- **Work instruction**
Among the entries below, only the lines starting at the one with "Mega Sized Movie" and ending at the one with "Piccola scultura in", both included, are to be printed exactly.
[Opening Task material section]
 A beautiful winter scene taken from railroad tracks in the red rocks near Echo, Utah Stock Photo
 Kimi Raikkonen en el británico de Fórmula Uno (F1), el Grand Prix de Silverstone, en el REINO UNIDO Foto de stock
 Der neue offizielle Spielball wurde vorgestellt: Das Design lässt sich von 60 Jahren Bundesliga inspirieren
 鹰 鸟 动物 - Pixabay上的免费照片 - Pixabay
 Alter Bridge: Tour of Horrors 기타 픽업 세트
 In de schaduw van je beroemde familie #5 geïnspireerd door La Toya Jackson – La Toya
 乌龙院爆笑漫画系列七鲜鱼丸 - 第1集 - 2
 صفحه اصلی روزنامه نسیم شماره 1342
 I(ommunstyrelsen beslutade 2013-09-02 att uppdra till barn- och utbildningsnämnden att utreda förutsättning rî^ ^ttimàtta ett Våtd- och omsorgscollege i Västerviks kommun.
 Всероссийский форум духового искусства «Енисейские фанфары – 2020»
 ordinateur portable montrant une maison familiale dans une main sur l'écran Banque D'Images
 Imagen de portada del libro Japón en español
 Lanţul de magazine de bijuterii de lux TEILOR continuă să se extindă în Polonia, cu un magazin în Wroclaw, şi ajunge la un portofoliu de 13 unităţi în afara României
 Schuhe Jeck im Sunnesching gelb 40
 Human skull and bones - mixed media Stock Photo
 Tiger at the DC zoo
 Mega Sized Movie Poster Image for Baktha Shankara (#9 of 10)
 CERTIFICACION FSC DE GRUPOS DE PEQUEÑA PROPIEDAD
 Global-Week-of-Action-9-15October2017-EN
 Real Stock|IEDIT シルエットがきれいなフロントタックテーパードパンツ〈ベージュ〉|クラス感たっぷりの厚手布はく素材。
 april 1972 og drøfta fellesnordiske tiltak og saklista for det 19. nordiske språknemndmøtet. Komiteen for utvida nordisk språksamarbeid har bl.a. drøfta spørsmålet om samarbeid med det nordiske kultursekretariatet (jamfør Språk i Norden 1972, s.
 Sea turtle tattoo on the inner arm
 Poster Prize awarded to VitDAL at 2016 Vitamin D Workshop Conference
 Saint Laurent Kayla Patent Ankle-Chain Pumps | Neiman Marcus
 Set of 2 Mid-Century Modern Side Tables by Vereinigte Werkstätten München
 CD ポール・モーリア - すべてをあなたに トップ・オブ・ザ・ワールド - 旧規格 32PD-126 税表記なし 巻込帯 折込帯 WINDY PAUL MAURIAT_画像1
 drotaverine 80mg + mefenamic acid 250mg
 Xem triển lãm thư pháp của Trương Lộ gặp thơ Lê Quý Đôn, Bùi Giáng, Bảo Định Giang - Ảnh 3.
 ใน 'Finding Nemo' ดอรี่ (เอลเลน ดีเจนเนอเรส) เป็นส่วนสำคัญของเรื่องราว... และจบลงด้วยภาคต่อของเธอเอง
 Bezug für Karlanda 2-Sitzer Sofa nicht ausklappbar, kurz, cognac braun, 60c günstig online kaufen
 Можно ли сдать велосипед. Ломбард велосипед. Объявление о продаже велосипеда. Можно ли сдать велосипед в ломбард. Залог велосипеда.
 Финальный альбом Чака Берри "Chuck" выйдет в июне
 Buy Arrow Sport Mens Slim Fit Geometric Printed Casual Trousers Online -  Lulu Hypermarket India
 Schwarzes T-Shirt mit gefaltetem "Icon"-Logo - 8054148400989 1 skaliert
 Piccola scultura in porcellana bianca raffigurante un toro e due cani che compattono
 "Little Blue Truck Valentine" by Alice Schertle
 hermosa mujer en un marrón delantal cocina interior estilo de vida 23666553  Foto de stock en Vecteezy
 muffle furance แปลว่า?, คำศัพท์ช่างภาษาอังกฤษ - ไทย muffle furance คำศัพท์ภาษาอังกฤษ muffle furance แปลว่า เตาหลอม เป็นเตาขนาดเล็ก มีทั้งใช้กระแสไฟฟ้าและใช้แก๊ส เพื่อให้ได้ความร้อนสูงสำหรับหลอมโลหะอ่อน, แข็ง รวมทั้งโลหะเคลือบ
[Closing Task material section]
- **Response below**
 Mega Sized Movie Poster Image for Baktha Shankara (#9 of 10)
 CERTIFICACION FSC DE GRUPOS DE PEQUEÑA PROPIEDAD
 Global-Week-of-Action-9-15October2017-EN
 Real Stock|IEDIT シルエットがきれいなフロントタックテーパードパンツ〈ベージュ〉|クラス感たっぷりの厚手布はく素材。
 april 1972 og drøfta fellesnordiske tiltak og saklista for det 19. nordiske språknemndmøtet. Komiteen for utvida nordisk språksamarbeid har bl.a. drøfta spørsmålet om samarbeid med det nordiske kultursekretariatet (jamfør Språk i Norden 1972, s.
 Sea turtle tattoo on the inner arm
 Poster Prize awarded to VitDAL at 2016 Vitamin D Workshop Conference
 Saint Laurent Kayla Patent Ankle-Chain Pumps | Neiman Marcus
 Set of 2 Mid-Century Modern Side Tables by Vereinigte Werkstätten München
 CD ポール・モーリア - すべてをあなたに トップ・オブ・ザ・ワールド - 旧規格 32PD-126 税表記なし 巻込帯 折込帯 WINDY PAUL MAURIAT_画像1
 drotaverine 80mg + mefenamic acid 250mg
 Xem triển lãm thư pháp của Trương Lộ gặp thơ Lê Quý Đôn, Bùi Giáng, Bảo Định Giang - Ảnh 3.
 ใน 'Finding Nemo' ดอรี่ (เอลเลน ดีเจนเนอเรส) เป็นส่วนสำคัญของเรื่องราว... และจบลงด้วยภาคต่อของเธอเอง
 Bezug für Karlanda 2-Sitzer Sofa nicht ausklappbar, kurz, cognac braun, 60c günstig online kaufen
 Можно ли сдать велосипед. Ломбард велосипед. Объявление о продаже велосипеда. Можно ли сдать велосипед в ломбард. Залог велосипеда.
 Финальный альбом Чака Берри "Chuck" выйдет в июне
 Buy Arrow Sport Mens Slim Fit Geometric Printed Casual Trousers Online -  Lulu Hypermarket India
 Schwarzes T-Shirt mit gefaltetem "Icon"-Logo - 8054148400989 1 skaliert
 Piccola scultura in porcellana bianca raffigurante un toro e due cani che compattono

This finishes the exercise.